便是此去若是真碰了壁,也是不可多得的经历。
钱家也有底蕴够钱誉碰壁。
这便是容错成本。
故而这一趟钱誉离京,钱父心中其实并不抱多少期许,却给予了钱誉足够多的支持,但于钱誉而言,却是踌躇满志。

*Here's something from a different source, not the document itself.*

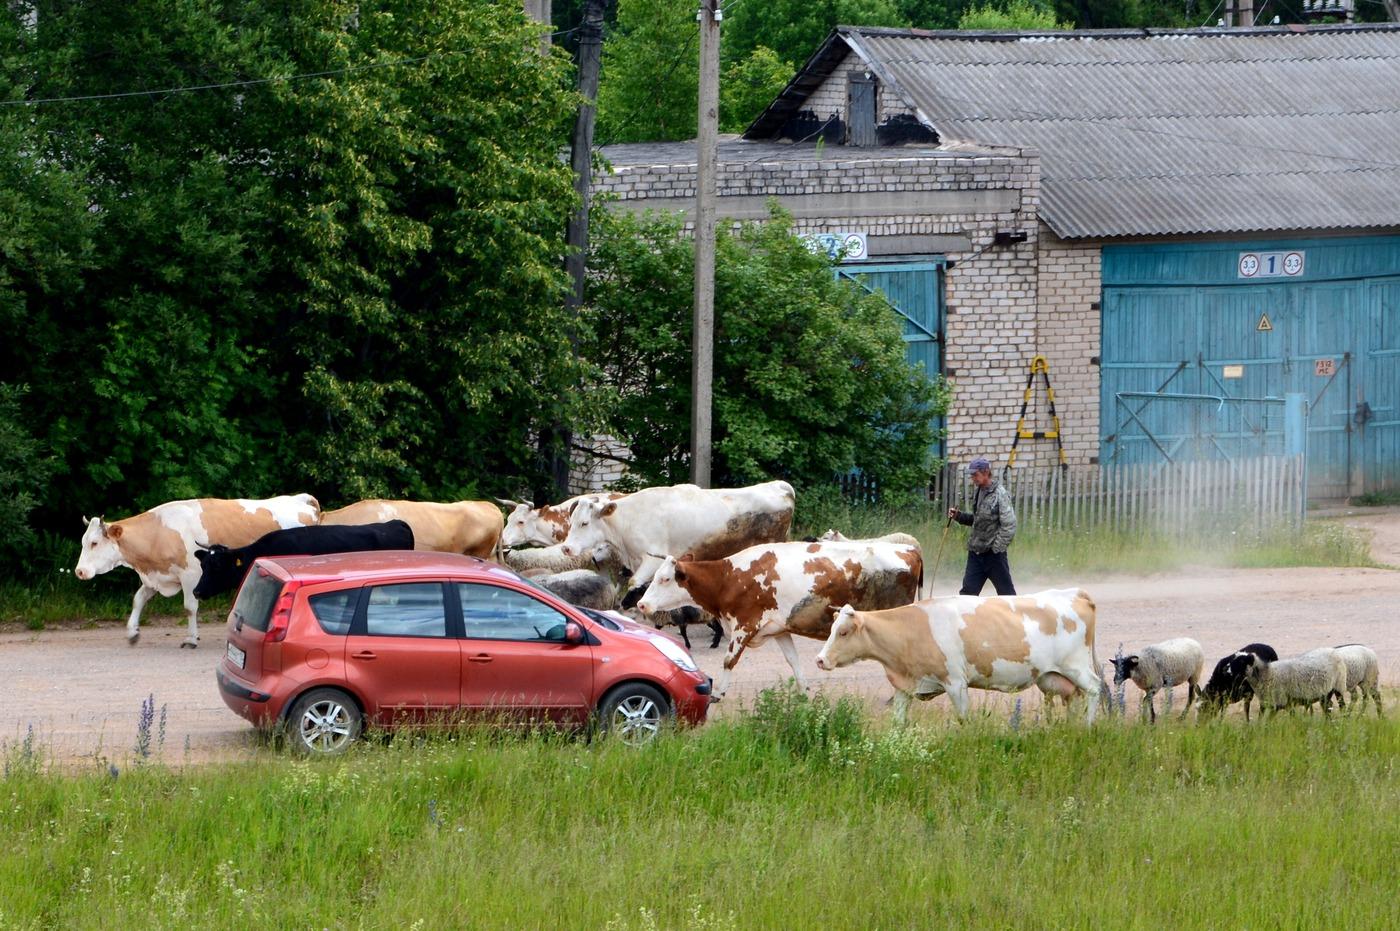 Жителей брянского поселка Октябрьский терроризирует стадо быков и коров

而钱誉这一趟去临近诸国,不仅真的解决了染料原材的困境,更给钱家布料这一块的生意打开了新局面。
钱父虽是不说,心底却是欢喜。
这股欢喜不是钱家的生意更进了几步,而是源自于心中对钱誉的肯定。
别国不比燕韩国中。
燕韩国中,钱家已是一块金子招牌,钱誉做什么旁人都会买账。
但在燕韩之外,他要凭借的更多是他自己。
钱父也心知肚明。
此行一去看十余月,这一路上钱誉不可能不碰壁。
而是应当碰壁不少。
可躺过多少水,便会长多少记性。
这些经验是自旁人处换不来的!
钱誉已能审时度势,应付自如,钱父心底才是最为欣慰的。
故而帘栊撩起,钱誉自金宝阁外踱步而入,钱文和钱铭兄妹二人一口一个“哥哥”,便如蝴蝶般扑了过去。
靳夫人也起身,唤了声:“誉儿,快来。”
钱父虽是没有立即言语,也只低眸笑了笑,而后,才开口朝钱文和钱铭兄妹二人道:“你们哥哥早饭都还未用,先让哥哥吃口饭。”
钱文和钱铭择善而从。
钱誉这才踱步上前,朝着钱父拱手一鞠:“爹。”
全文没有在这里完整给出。